Chinese EV Subsidy Elimination Could Mean Trouble for Some EV Companies

Chinese EV Subsidy Elimination Could Mean Trouble for Some EV Companies

By: Raquel Soat

For dozens of domestic electric vehicle (EV) manufacturers, the Chinese market is known as the world’s largest EV market by volume. Like many markets where EV sales are growing, such as the US and Western Europe, China’s EV success is due in large part to government support in the form of subsidies for automakers. These subsidies reduce the purchase price for consumers, making EVs cost-comparative with internal combustion engine vehicles.

However, in June 2019, China cut its subsidies by about half and completely eliminated subsidies for vehicles with ranges under 250 km. The subsidy cut announcement prompted consumers considering an EV purchase to head to the showrooms in anticipation of what was effectively a price increase for EVs after June. The market felt the effect of the subsidy changes almost immediately, with monthly sales of EVs in July 2019 declining 4.7% from July 2018.

Demise for Some Chinese EV Companies

The Chinese EV market has both domestic and foreign players, but with dozens of domestic and less-established automakers, the fragmentation is likely to lead to the demise of some Chinese EV companies. In May 2019, it was estimated that around 500 manufacturers were registered to produce EVs in China, but many manufacturers are now announcing layoffs and cutbacks. In August, NIO announced layoffs for over 1,000 employees. Many EV companies in China are expected to go under, particularly domestic startups, once sales numbers begin to decrease due to the subsidy elimination.

EV investment is slowing in China, meaning non-established companies that rely on large investments to continue operation face an uphill battle as subsidies dwindle. A few segments of EV makers in particular face significant difficulties:

  • Manufacturers that only produce EVs with ranges below 250 km due to the complete elimination of subsidies for those vehicles
  • Manufacturers producing low end market products that rely heavily on subsidies
  • Startups that do not yet have a product in the market

Not the End for the Chinese EV Market

However, the end of subsidies in China isn’t the end of the EV market in the country. Investors may not be interested in floating small, unestablished EV makers, but they are still drawn to top competitors in the Chinese market. The annual sales growth rate for EVs is still growing in the country despite a sales slowdown in the months following the subsidy rollback.

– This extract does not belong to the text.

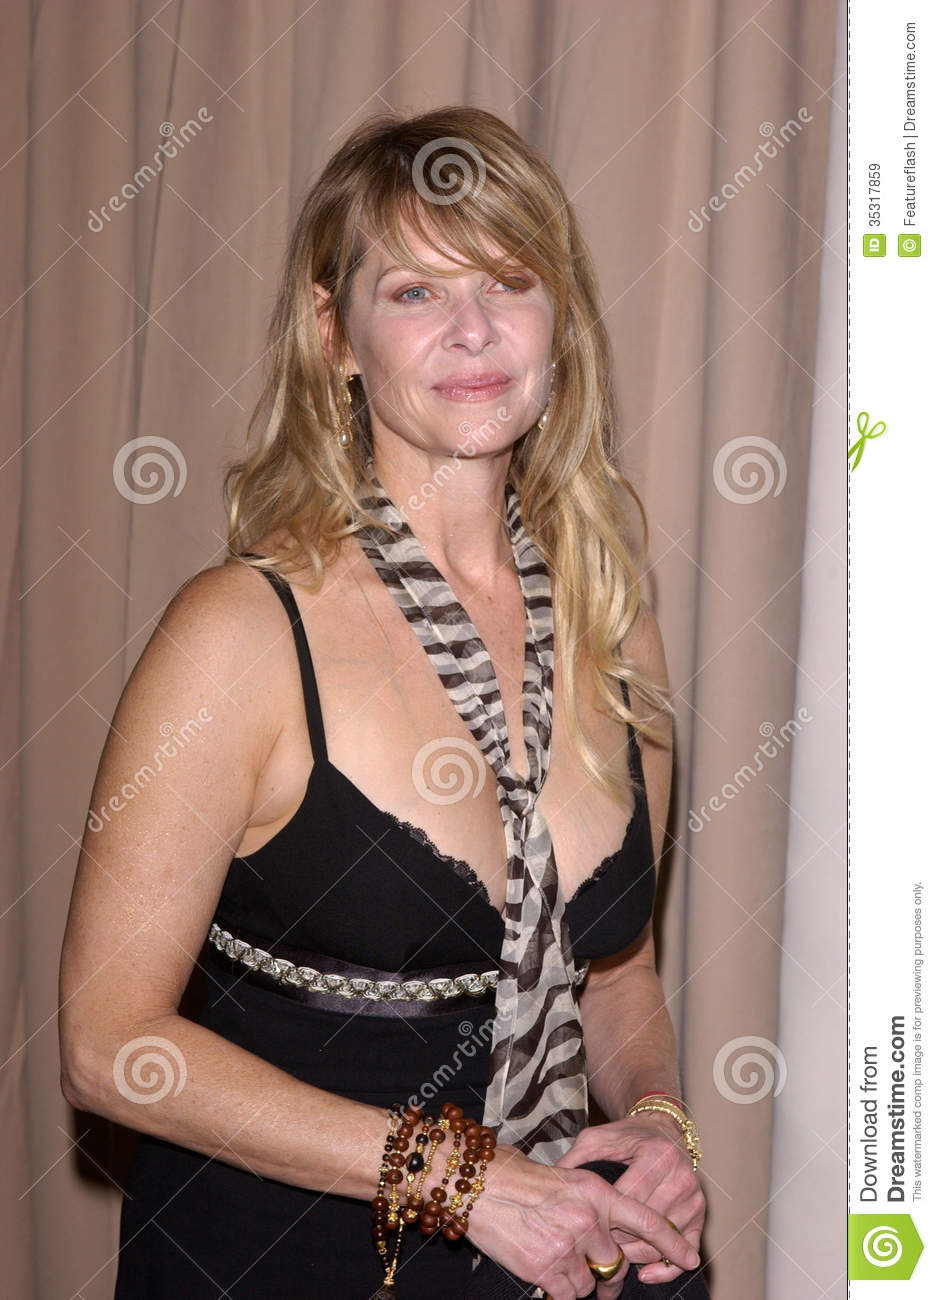 kate-capshaw-pictures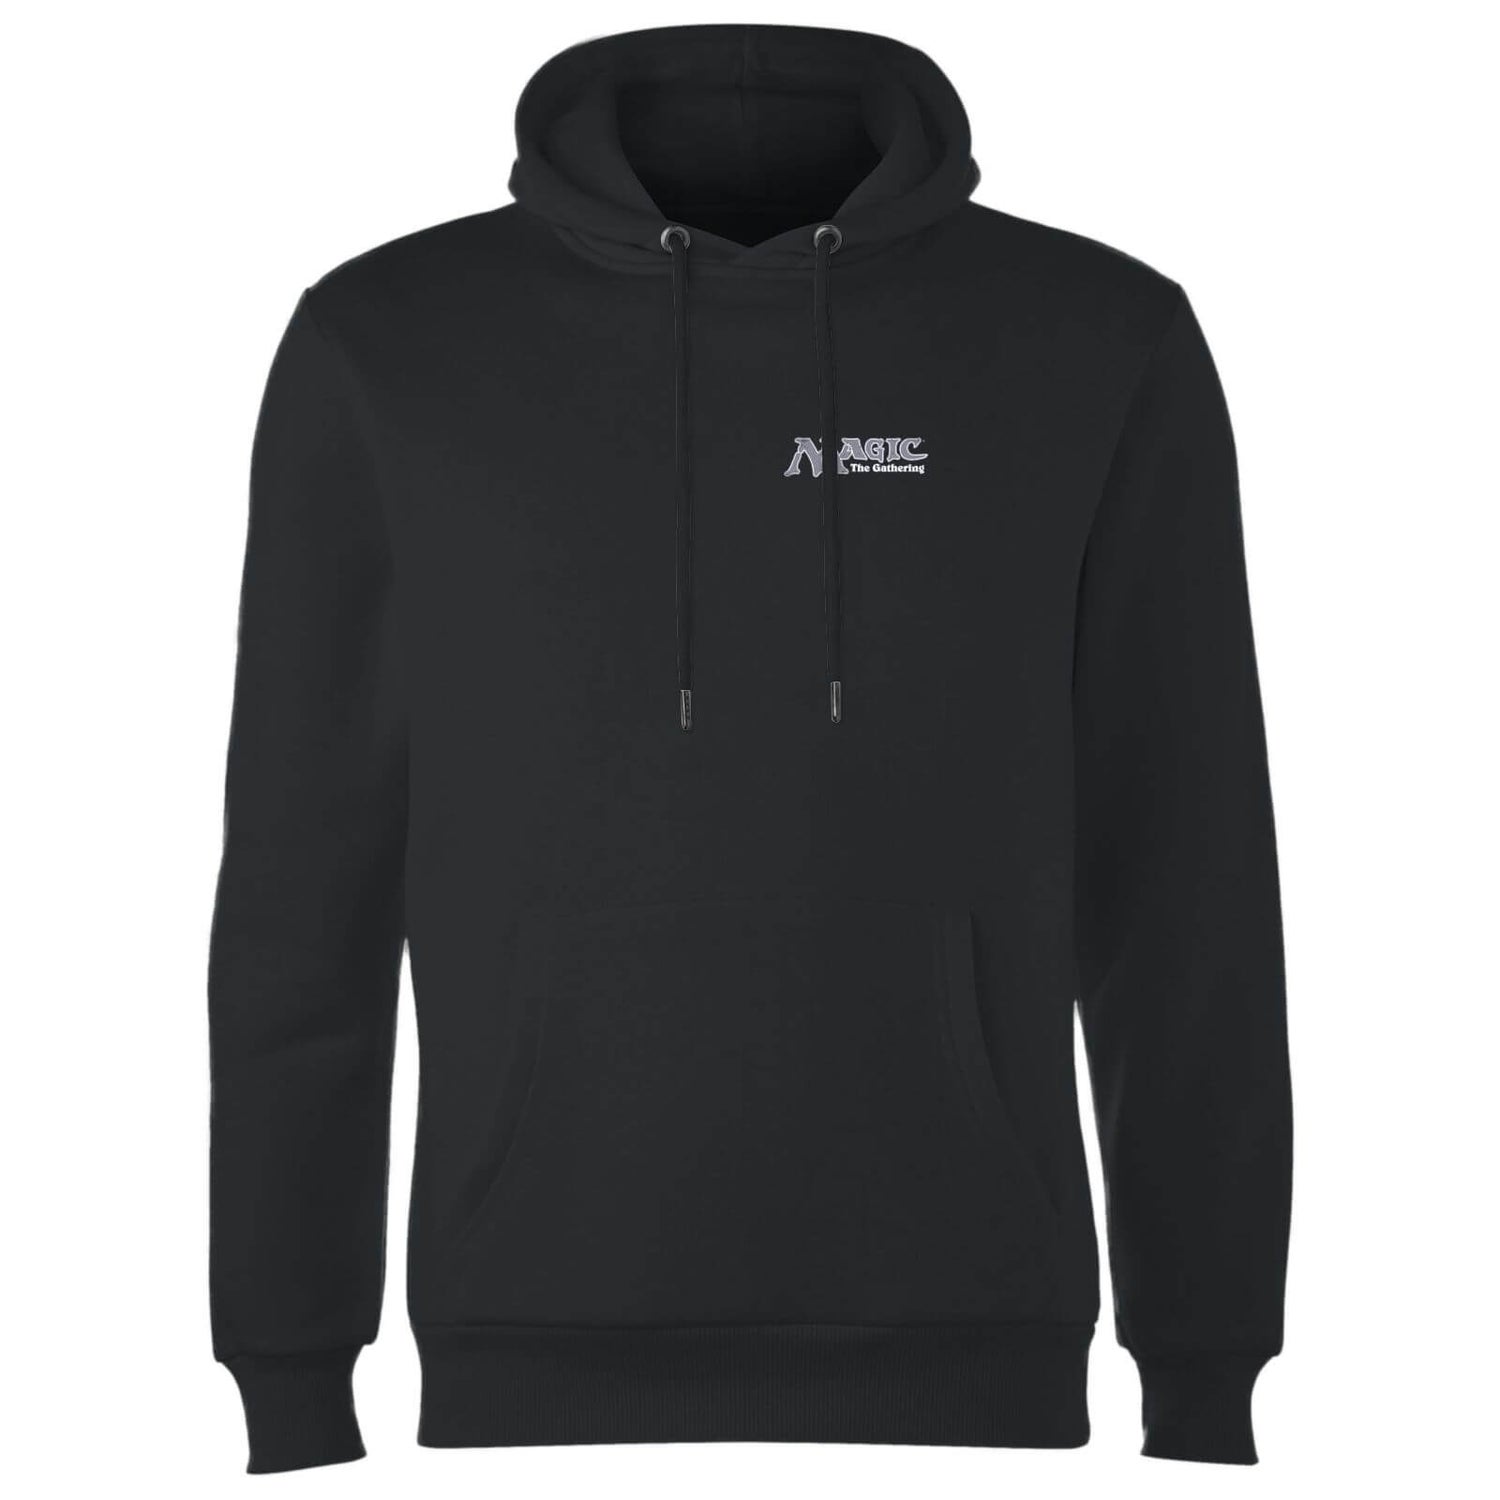 Magic: the Gathering Leader Of The Pack Unisex Hoodie - Black

A silver lining in China’s new incentive policy may be absolving the range anxiety challenge by pushing the EV market more forcefully toward the mass market, since China now only offers subsidies for plug-in EVs with over 250 km of range. It may hurt the market in the near term, but in the long term, it may be helpful.

Overall, government support is crucial for countries with small, slower-growth EV markets to take off, but the Chinese market is large enough that it doesn’t need as much government support and is expected to continue growing substantially into the future.